Look at the release history on wikipedia[1]. It was about 3 months from RHEL
5.6 to the Centos release, and it was been about 6.5 months since RHEL 6 was
released (twitter account[4] says 'soon').

If you look at the mailing lists, it seemed (last time I looked) like a
slightly unhealthy project, at least to this outsider. See "rollout
strategies"[5] (skips around a bit) and "Door not hitting me on my way out"[6]
(also skips around a bit).

I am hopeful that this all gets turned around (and it may already be turned
around, I am not up to date) though, as Centos has been great for me in the
past.

> The article states that RHEL support subscription is $350/year. Excepting
> very young and poor businesses, I can't understand why a business that uses
> CentOS for its enterpriseness, and includes that in sales pitches, wouldn't
> just go directly to RHEL. Is there anything about CentOS besides $free that
> makes it better, in an enterprise context, than RHEL?

I imagine for many it is indeed just about the cost. If you look at the RedHat
purchasing guide[2], it can get quite expensive.

Aside: I know a few people who have looked into moving over to Scientific
Linux[3]. I haven't heard how their testing has gone though.

[1]:
[https://secure.wikimedia.org/wikipedia/en/wiki/Centos#Releas...](https://secure.wikimedia.org/wikipedia/en/wiki/Centos#Release_history)

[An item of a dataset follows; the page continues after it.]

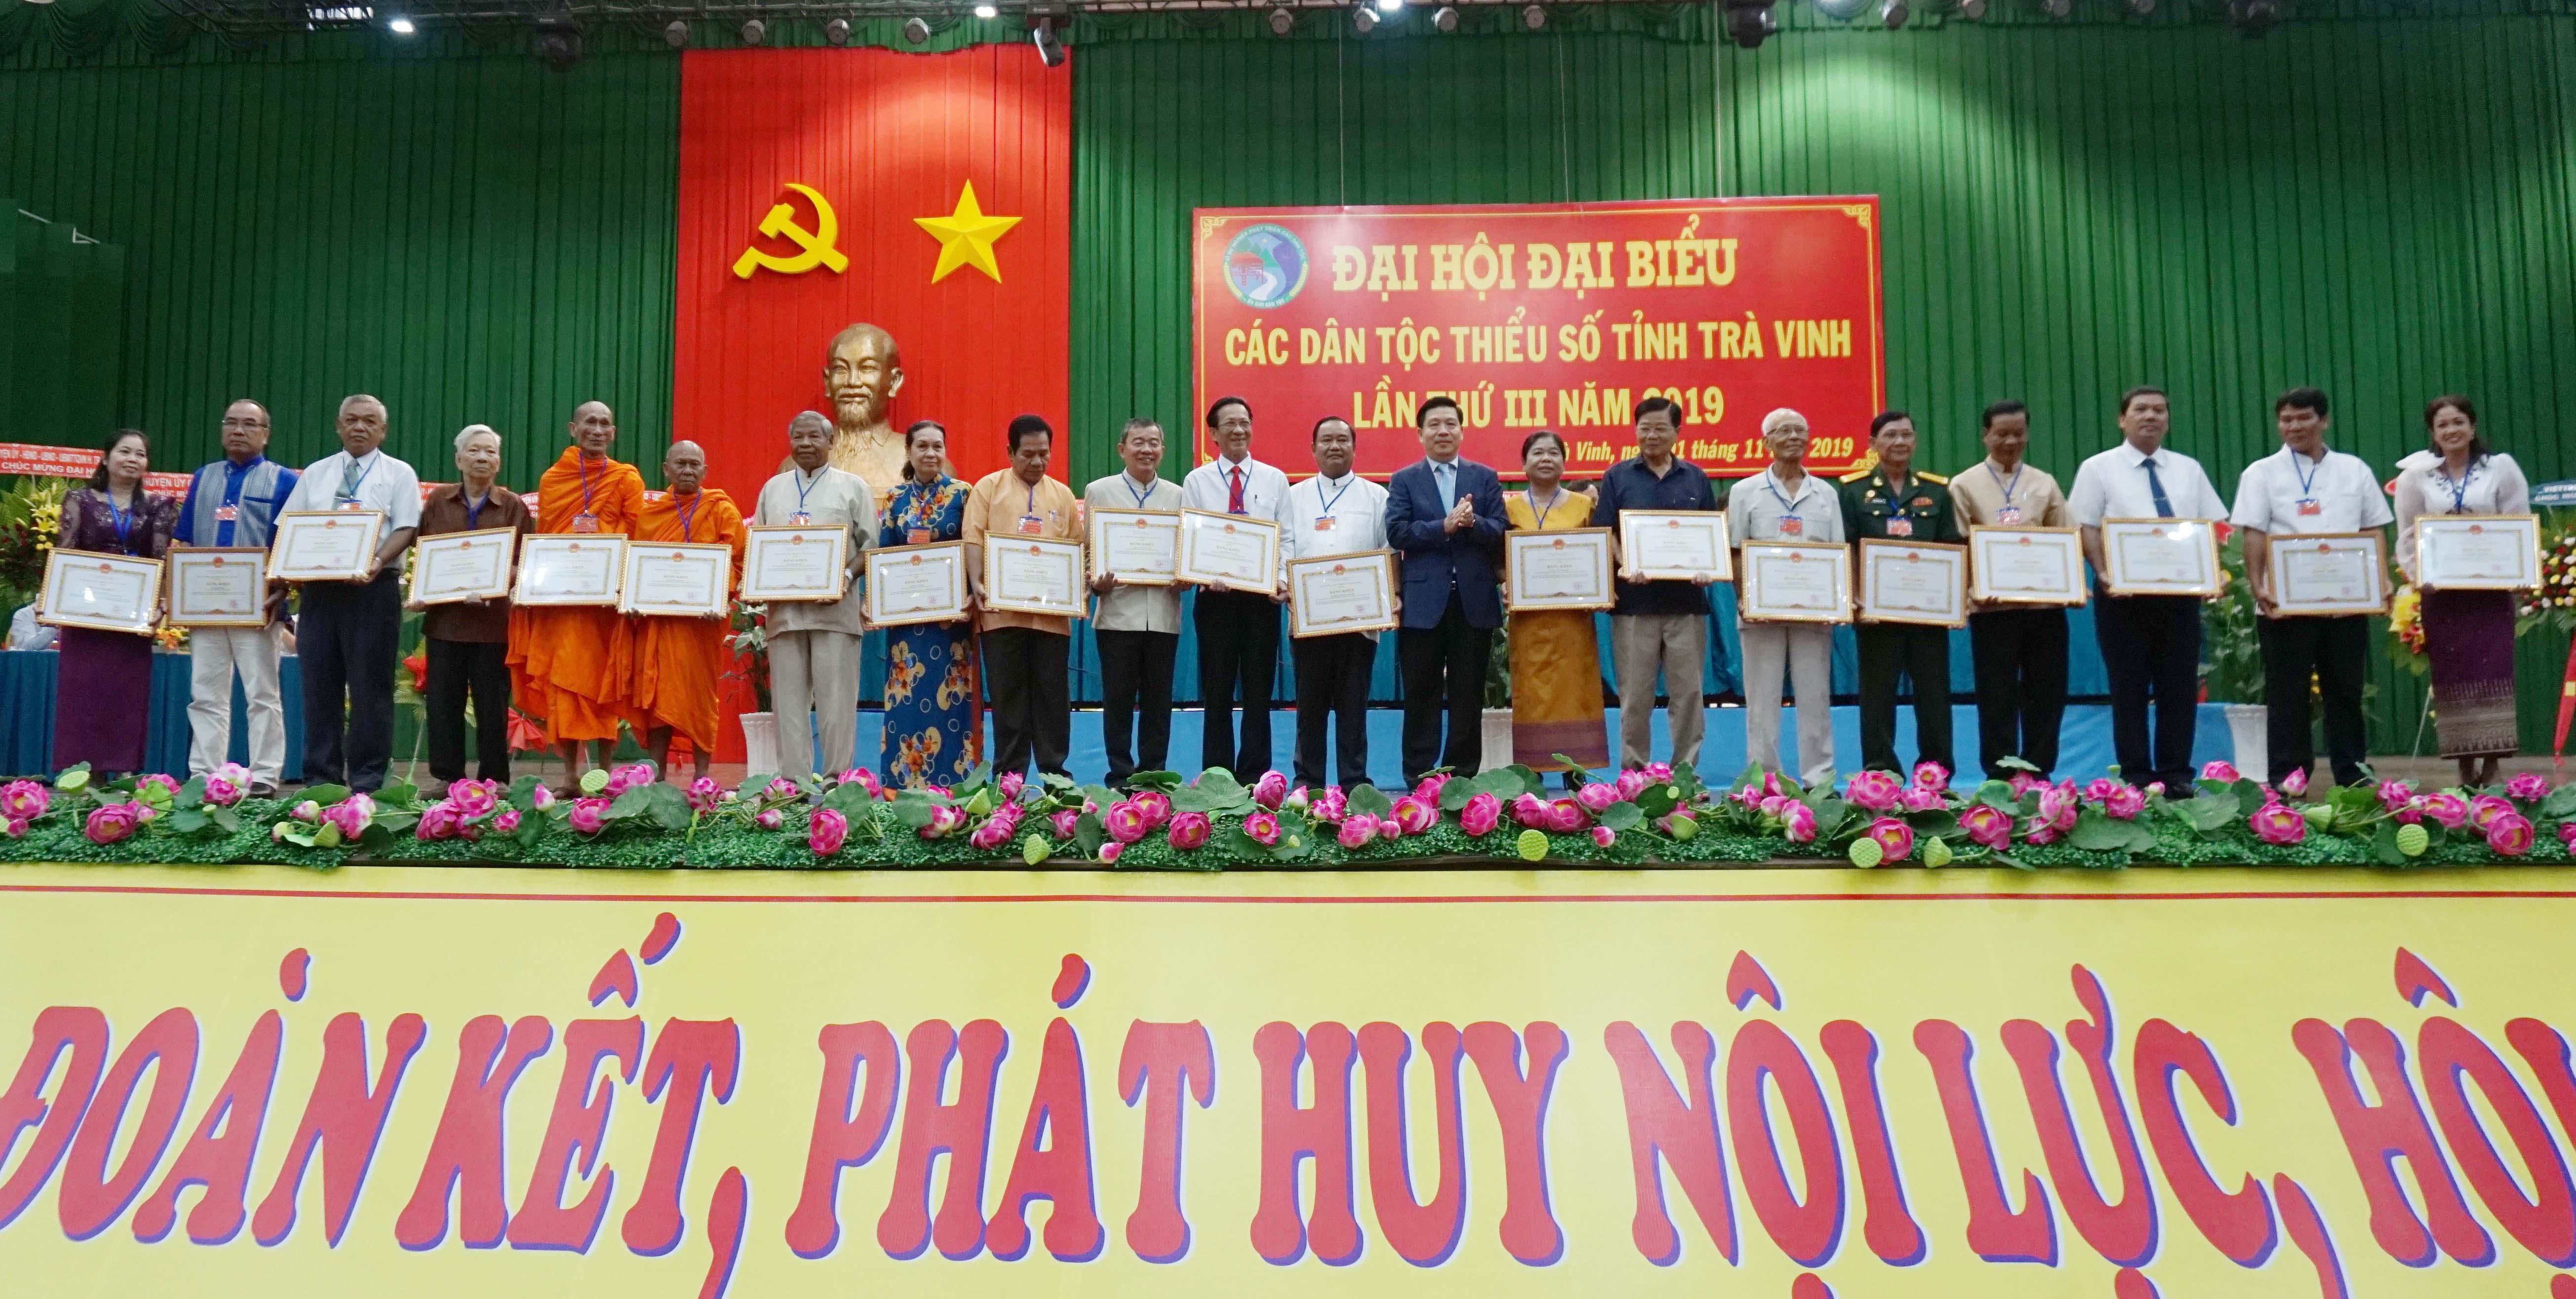 Thứ trưởng, Phó Chủ nhiệm UBDT Lê Sơn Hải trao Bằng khen của Bộ trưởng, Chủ nhiệm UBDT cho các tập thể và cá nhân.
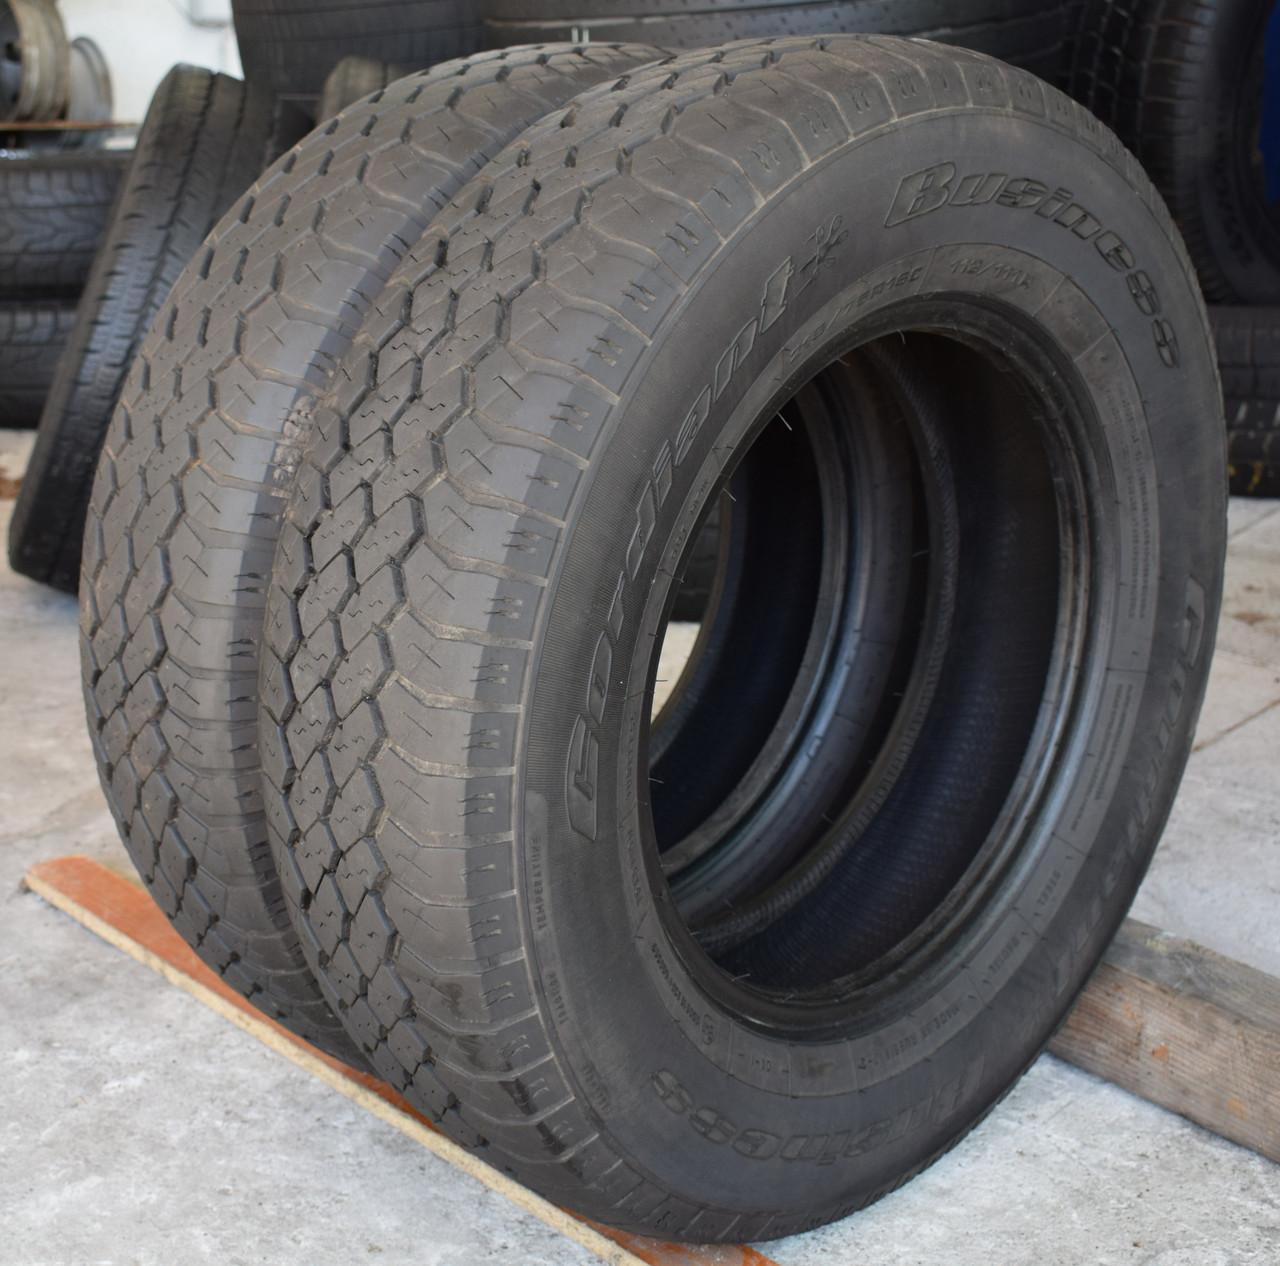 Шины б/у 215/75 R16С Cordiant Business, ЛЕТО, пара, 6-7 мм

[2]: <http://www.redhat.com/rhel/purchasing_guide.html>

[3]: <https://www.scientificlinux.org/>

[4]: <http://twitter.com/#!/centos>

[5]:
[http://lists.centos.org/pipermail/centos/2011-May/thread.htm...](http://lists.centos.org/pipermail/centos/2011-May/thread.html)

[6]:
[http://lists.centos.org/pipermail/centos/2011-April/thread.h...](http://lists.centos.org/pipermail/centos/2011-April/thread.html)

<edited for formatting>